━━ Material shown ━━
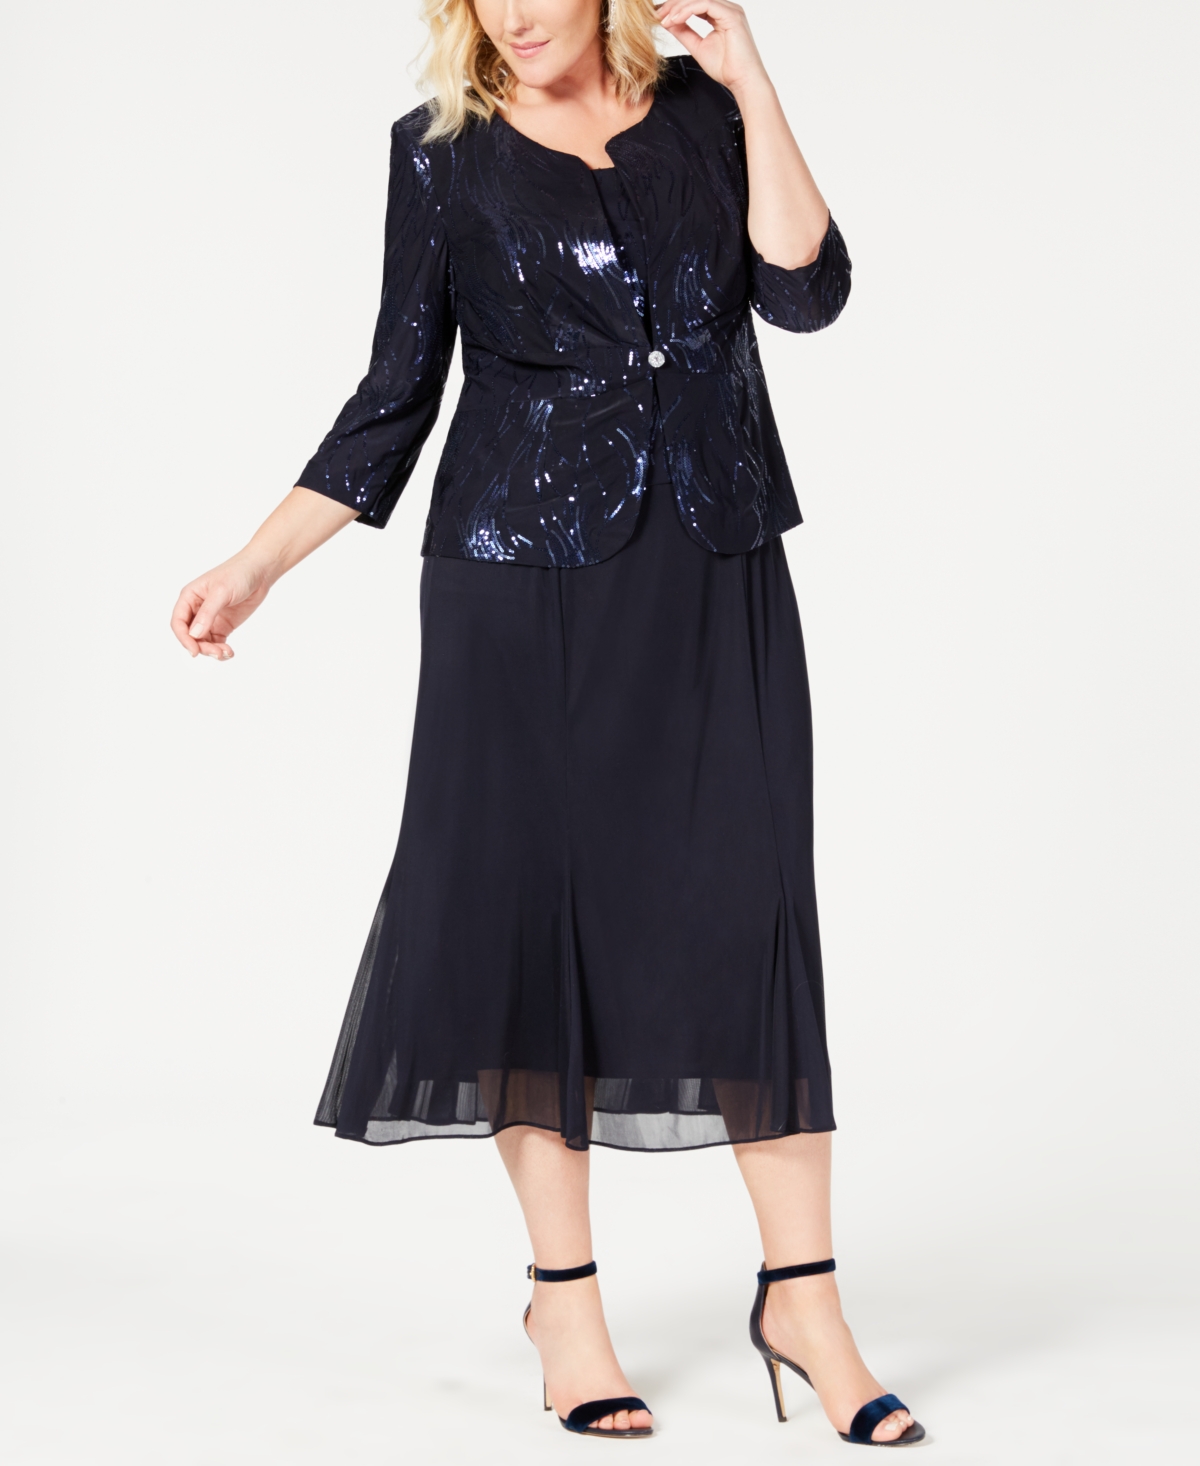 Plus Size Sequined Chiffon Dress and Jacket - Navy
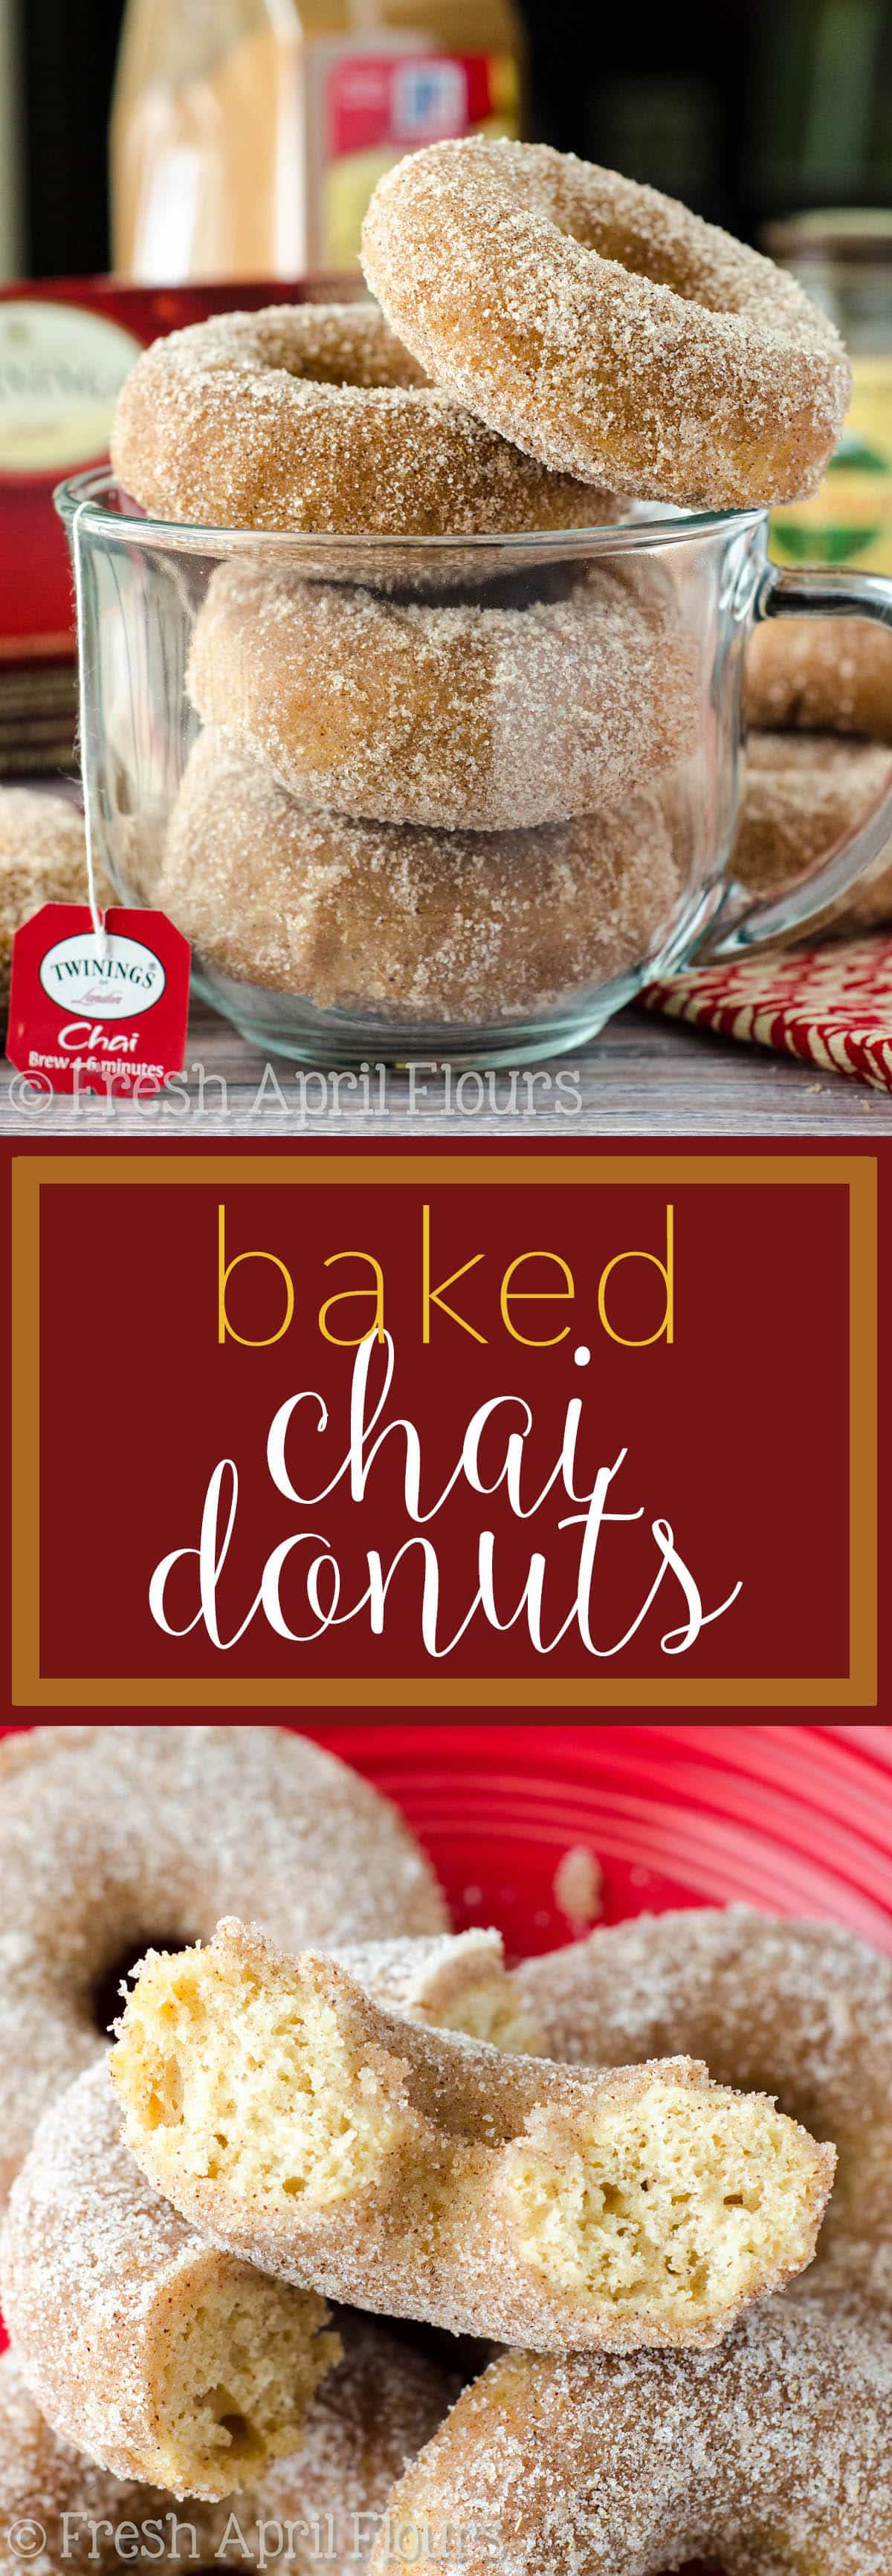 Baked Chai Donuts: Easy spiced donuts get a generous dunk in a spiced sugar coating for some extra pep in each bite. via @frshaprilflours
━━━
━━ Material shown ━━
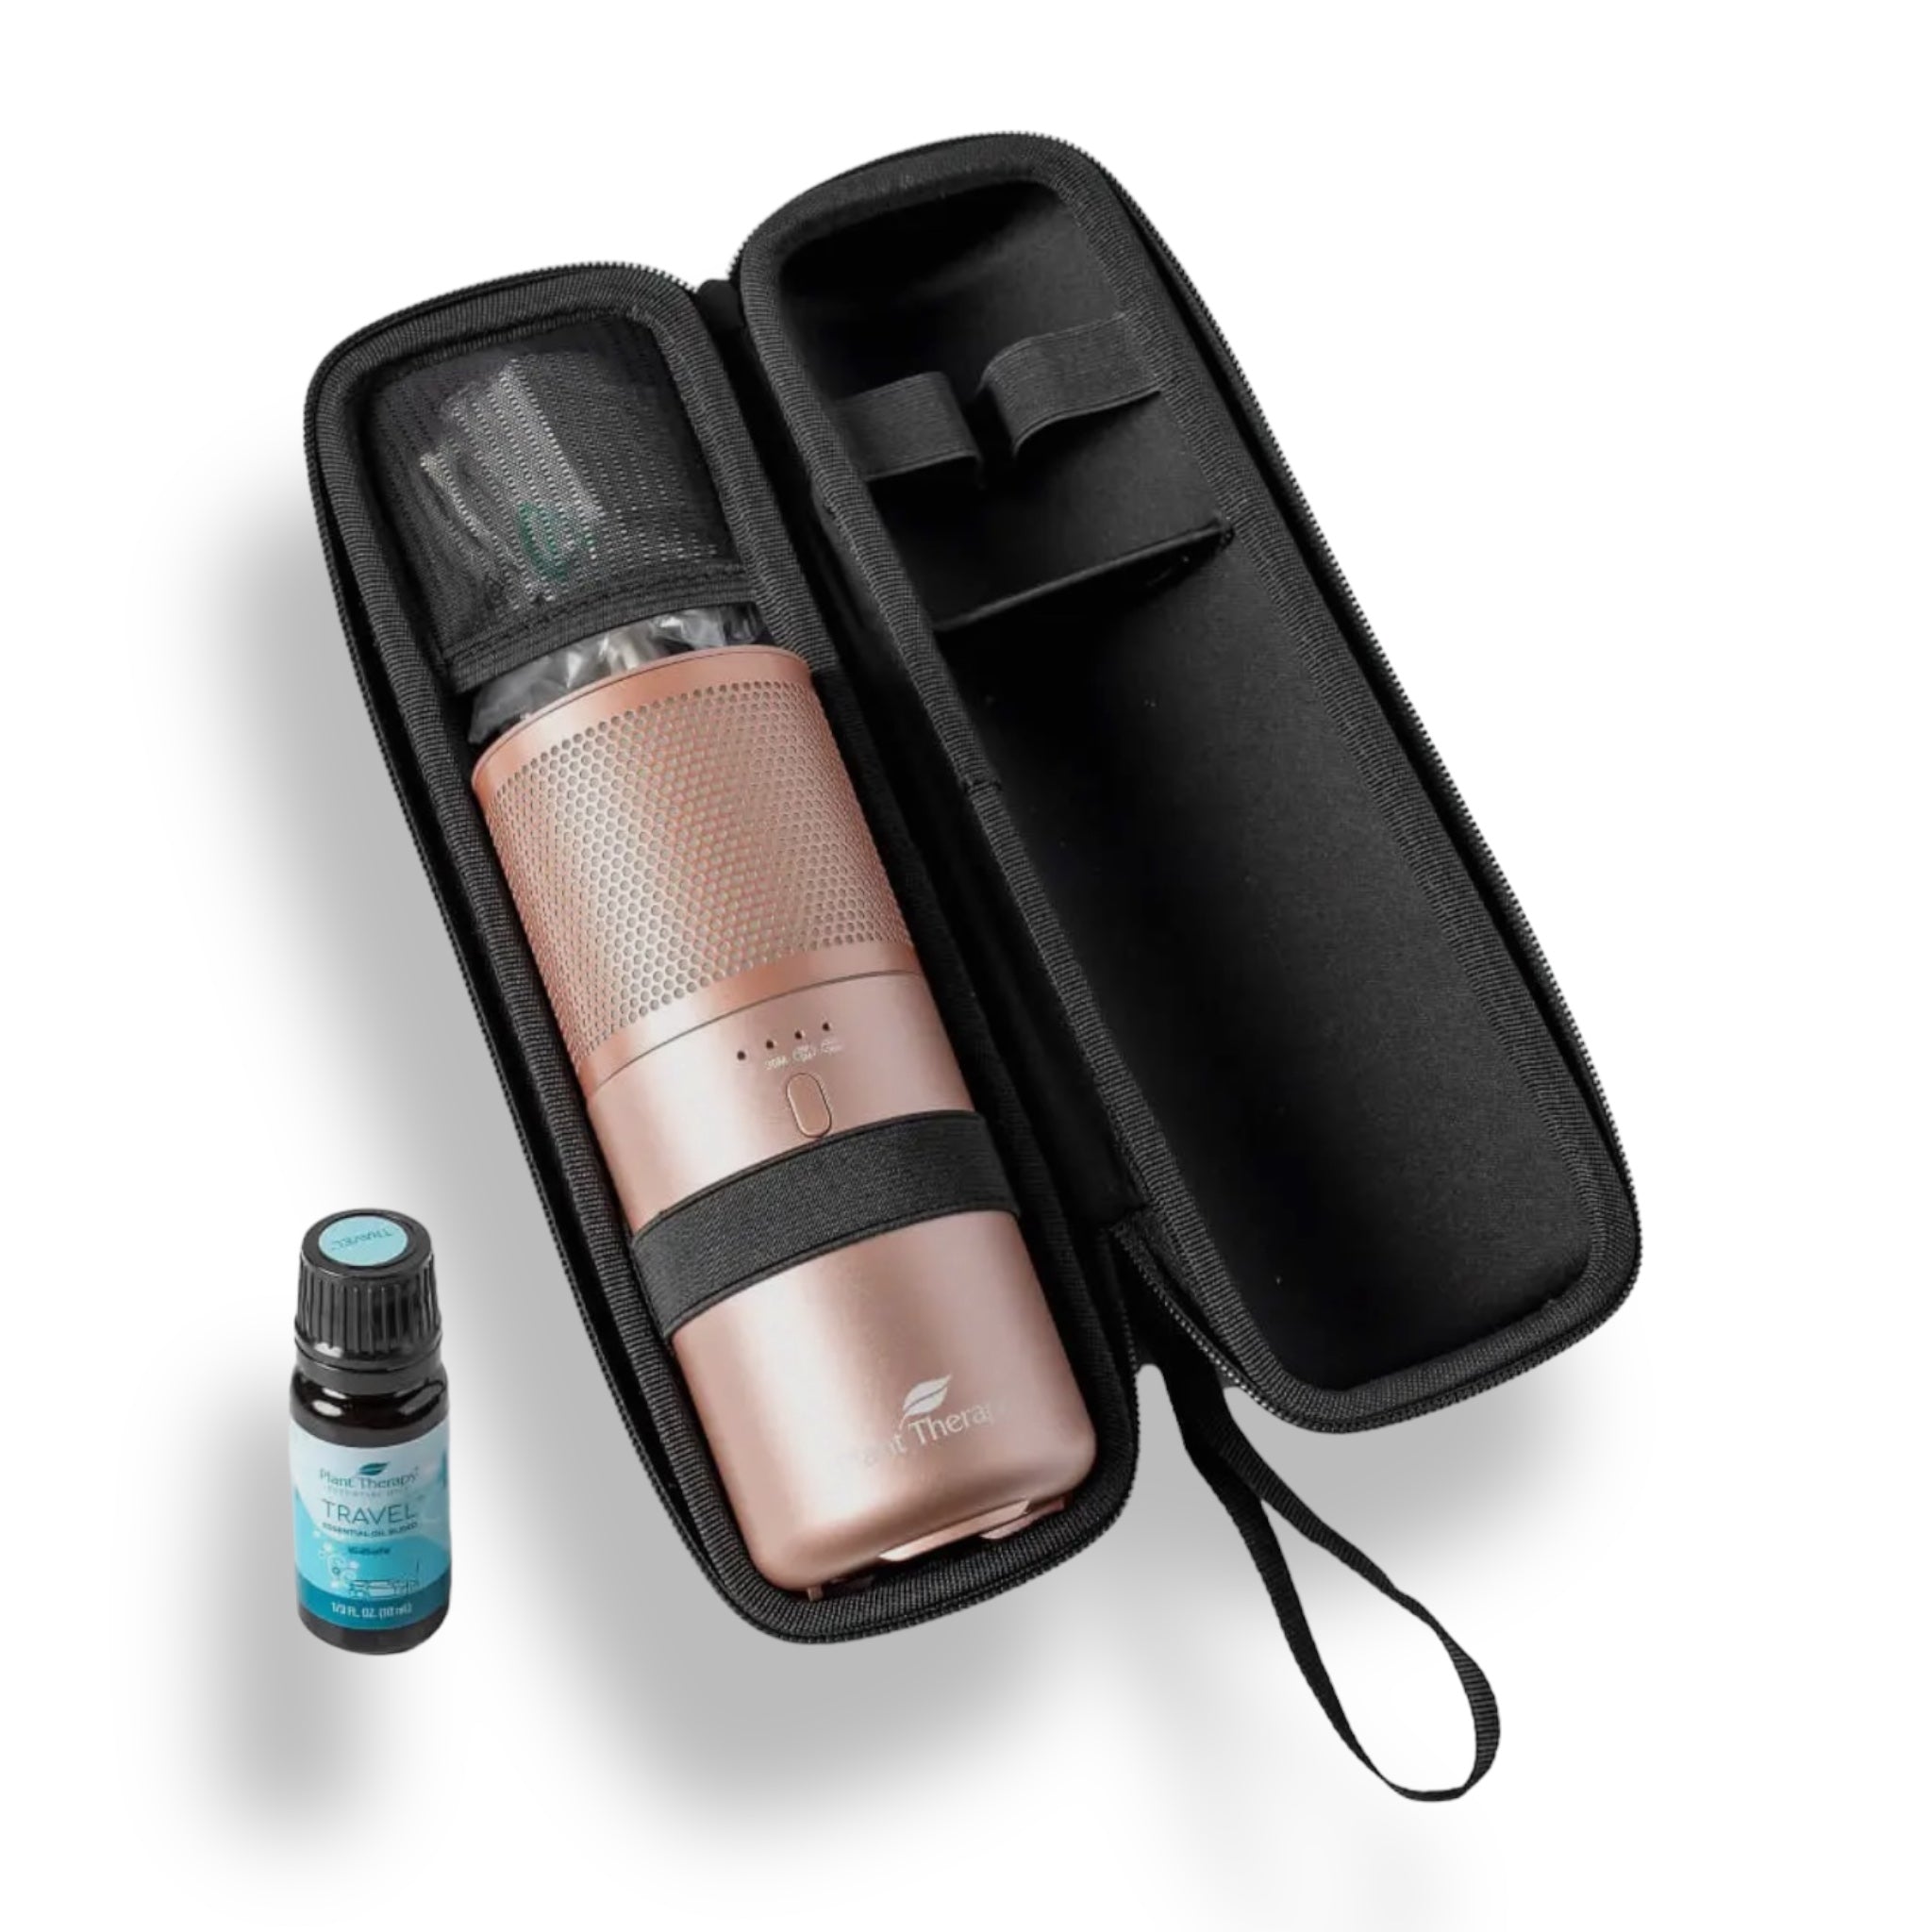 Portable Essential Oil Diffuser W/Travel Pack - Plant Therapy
━━━
**What to produce**
Copy only these lines from the records above, exactly: the one with "Plus Size Sequined", the one with "Baked Chai Donuts: Easy", and those between. Skip the pictures.

**Answer box**
 Plus Size Sequined Chiffon Dress and Jacket - Navy
 Baked Chai Donuts: Easy spiced donuts get a generous dunk in a spiced sugar coating for some extra pep in each bite. via @frshaprilflours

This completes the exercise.